Smart planning for a bright future
Comprehensive strategies for education funding
Education costs have risen dramatically—and they’re still climbing. Whether you’re saving for private school, college, or graduate education, the earlier you start planning, the more options your family will have. At MVM Advisors, we help parents and grandparents navigate the often-confusing world of education funding with tax-efficient strategies that align with your long-term goals.
What we Offer
529 College Savings Plan selection
Coverdell Education Savings Accounts (ESAs)
Tax and estate planning integration
Risk & inflation adjusted forecasting
Plan comparison & contribution optimization
Multi-child & multi-generational strategies
Additional Considerations
529 plans offer tax-deferred growth and tax-free withdrawals for qualified expenses
Some states offer additional benefits, like tax deductions or Prepaid Tuition guarantees
529 assets remain under your control and can be transferred between beneficiaries
Coverdell ESAs allow for broader educational use but have lower contribution limits
Prepaid plans require careful review of solvency and state guarantees, especially during economic downturns
Gift tax exclusions and estate planning strategies can be built into college savings contributions
WHY IT MATTERS?
college planning demands strategy
College tuition, room and board, and related expenses can exceed six figures per student. And while student loans remain an option, families who plan ahead can benefit from significant tax advantages and financial flexibility. Without a strategy, your child’s education could come at the expense of your retirement or financial security.
We help you explore the right combination of savings tools—tailored to your income, goals, and timeline—so you can prepare for education costs without sacrificing other priorities.
529 College Saving Plans
Who can contribute to a 529?
Once an account has been established, anyone can contribute to it. Any investor can participate, regardless of their income or net worth. Furthermore, there are no age or time limit restrictions for the contributor or the beneficiary.
What is the difference between “Account Owner” and “Beneficiary”?
Once an account has been established, anyone can contribute to it. Any investor can participate, regardless of their income or net worth.
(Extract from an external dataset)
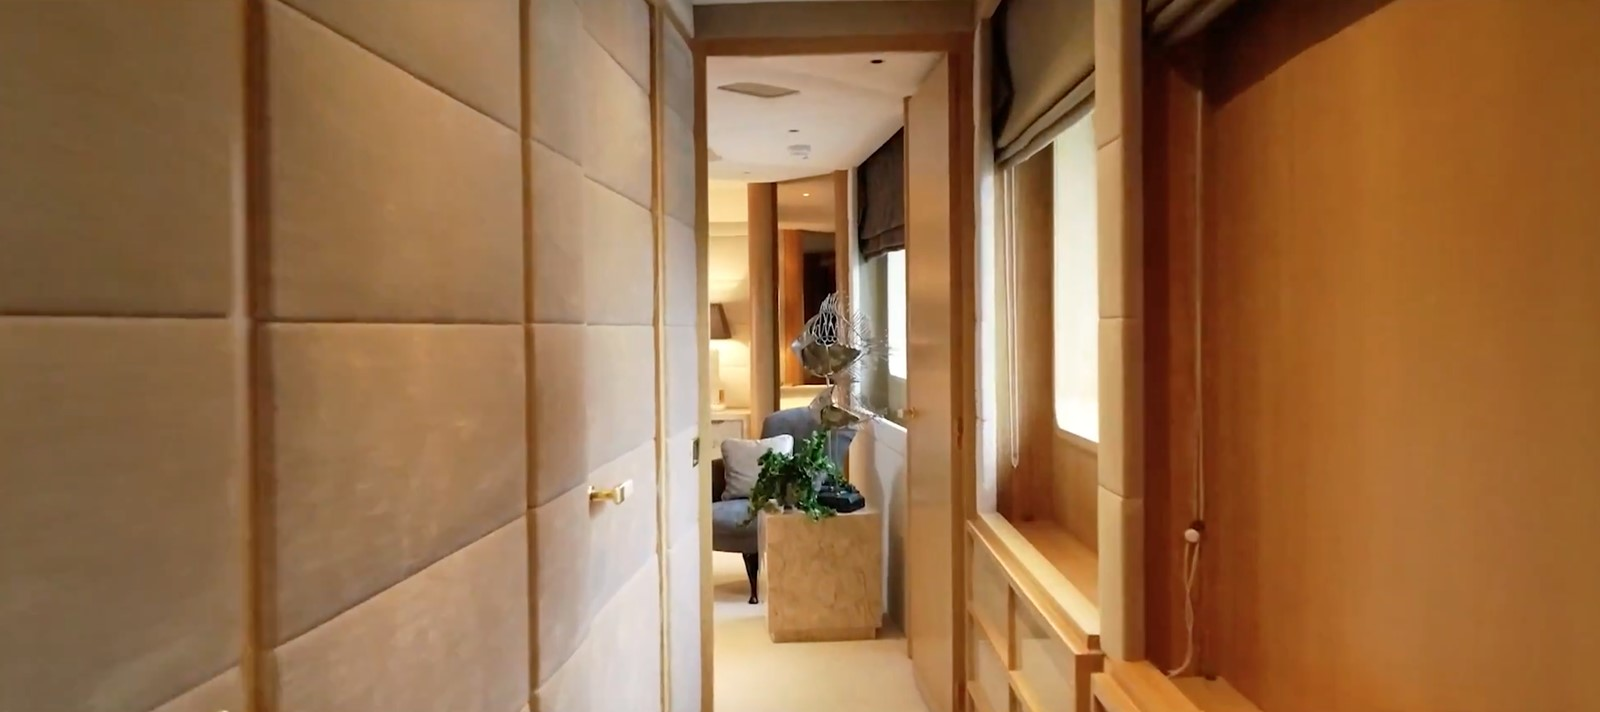 Master Stateroom Hallway - 162 OCEANCO For Sale

Furthermore, there are no age or time limit restrictions for the contributor or the beneficiary.
How will a 529 plan affect my child’s chances to qualify for financial aid?
Guidance for the U.S. Department of Education states that your 529 savings account is treated as an asset of the parent or other account owner in determining eligibility for federal financial aid. However, the rules in this area remain somewhat uncertain. In short, saving for college with a 529 plan will impact a student’s financial aide eligibility, although the precise effect will depend on the type of 529 plan and the policies of the institution. Of course, saving for college through other means can have a substantial impact as well, in many cases more substantial than a 529 plan.
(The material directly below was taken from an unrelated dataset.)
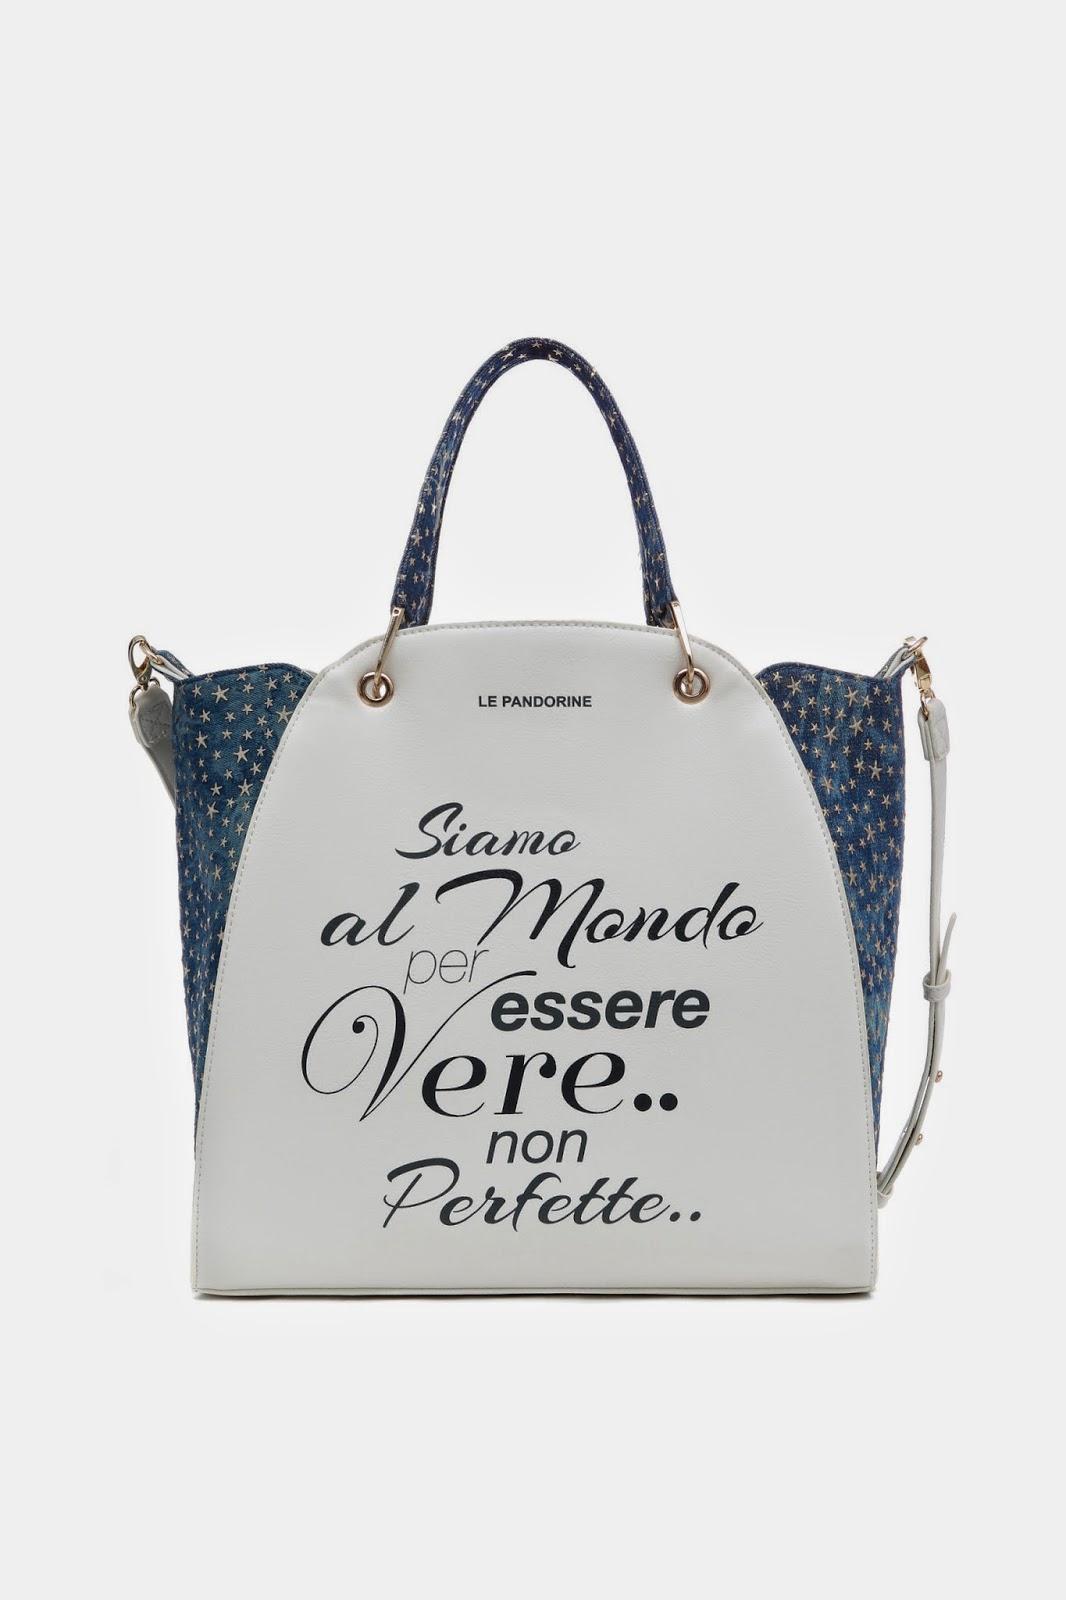 diyblog, diyblogger, fashion, fashionblog, fashionblogger, bag, borse, lepandorine, summer, themorasmoothie, denim, madeinitaly, S/S2014

What if the beneficiary decides not to go to college?
The account owner has a few choices if the beneficiary decides not to go to college. First, he or she can leave the funds in the account in the event that the beneficiary eventually decides to go to school. Another alternative is to change the beneficiary to another qualified family member of the original beneficiary. Lastly, the account owner can take a non-qualified withdrawal from the account subject to state and federal income taxes, as well as a 10% penalty on earnings.
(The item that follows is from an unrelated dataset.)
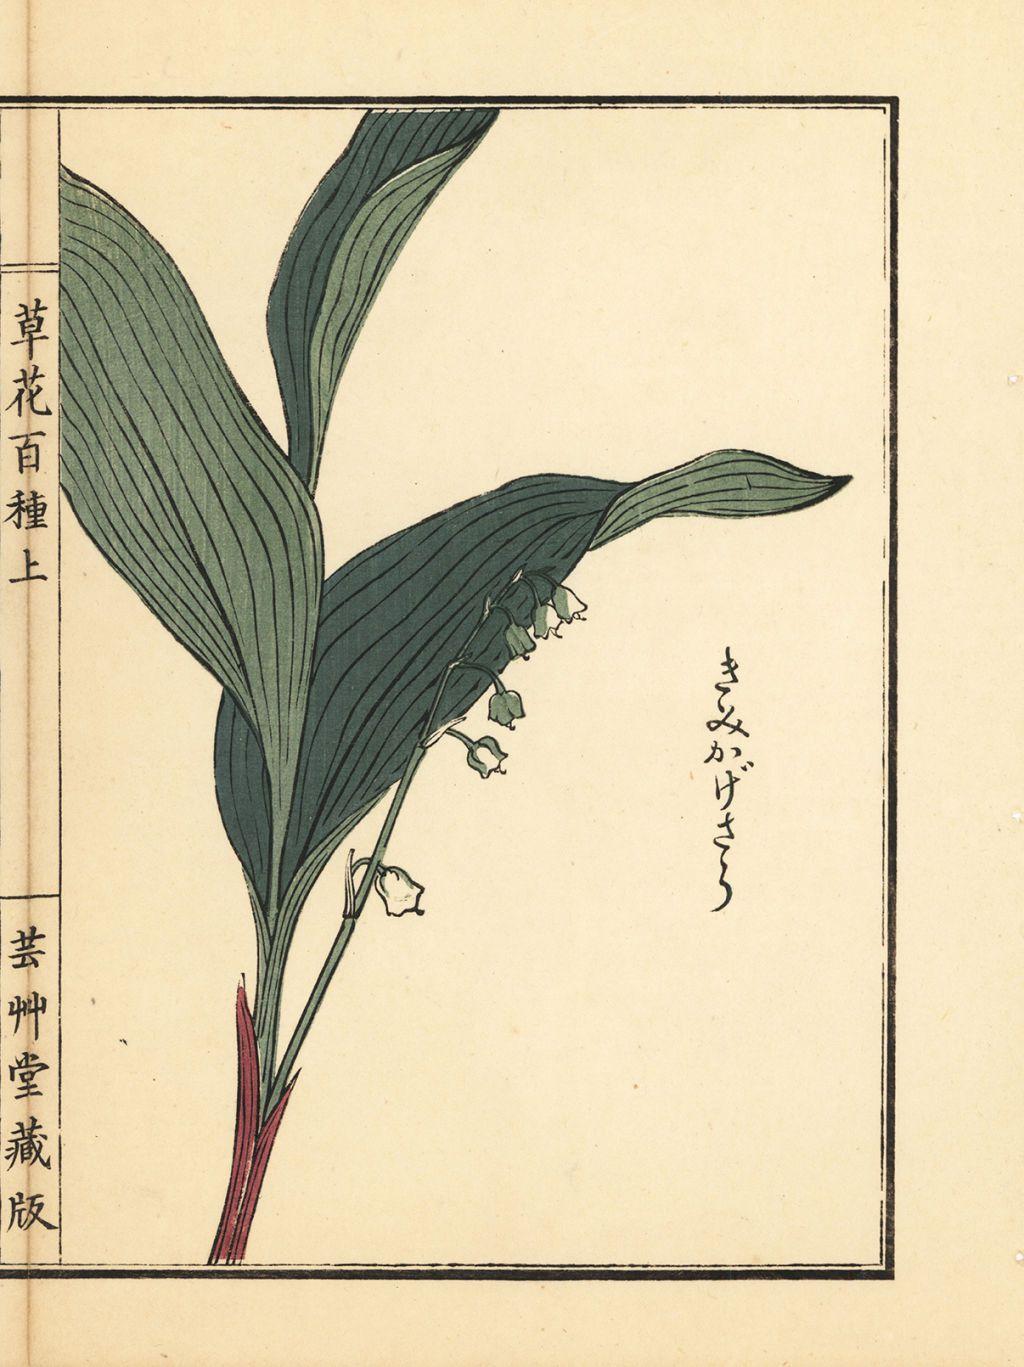 Hanakotoba May Your New Favorite Hobby Lily of

What if the beneficiary receives a scholarship?
If the beneficiary receives a scholarship, the account owner can leave the funds in the account to be used at a future date (for example, graduate school costs). Another option is to change the beneficiary to someone who is a qualified family member of the original beneficiary. The account owner may also withdraw up to the amount of the scholarship without penalty. However, the account owner will be taxed at his or her tax rate.
What if I change my mind about investing in a 529 plan?
The account owner can withdraw the funds at anytime. However, if funds are withdrawn and not used for qualified higher education expenses, earnings will be subject to state and federal income taxes at the account owner’s tax rate. In addition a 10% penalty on earnings will be assessed.
Can I transfer assets from an existing UGMA/UTMA into a 529 plan?
Generally, yes. Many 529 plans accept cash proceeds from the sale of assets held in UGMA/UTMA accounts. This may be a great option for those who have set up UGMA/UTMA accounts for the purpose of educational funding provided the account is not over funded.
The placement of UGMA/UTMA funds in a 529 account can provide all the tax and investment benefits associated with 529 plans. However, once the transfer is made, you will be unable to change the beneficiary and any withdrawals from the 529 account must be used for the benefit of that beneficiary only.
The restriction on beneficiary changes would apply to the amount transferred plus any separate contributions. Remember, however, that a 529 plan can only accept cash and so any appreciated securities in the UTMA/UGMA would first have to be sold and capital gains would be reportable on the minor’s tax return. In addition, commission or sales charges may be incurred during the liquidation process.
What happens in the event of the participant’s death or disability?
The participant may designate a successor participant of the account, effective upon the participant’s death or disability. The successor must also agree to act as the successor participant.
Can I invest for one beneficiary in more than one state’s 529 plan?
Absolutely. There are several dozen states that have 529 plans without any state residency requirements. You can open accounts in as many of these states as you want, although in most cases there is little reason to have accounts in more than two or three states.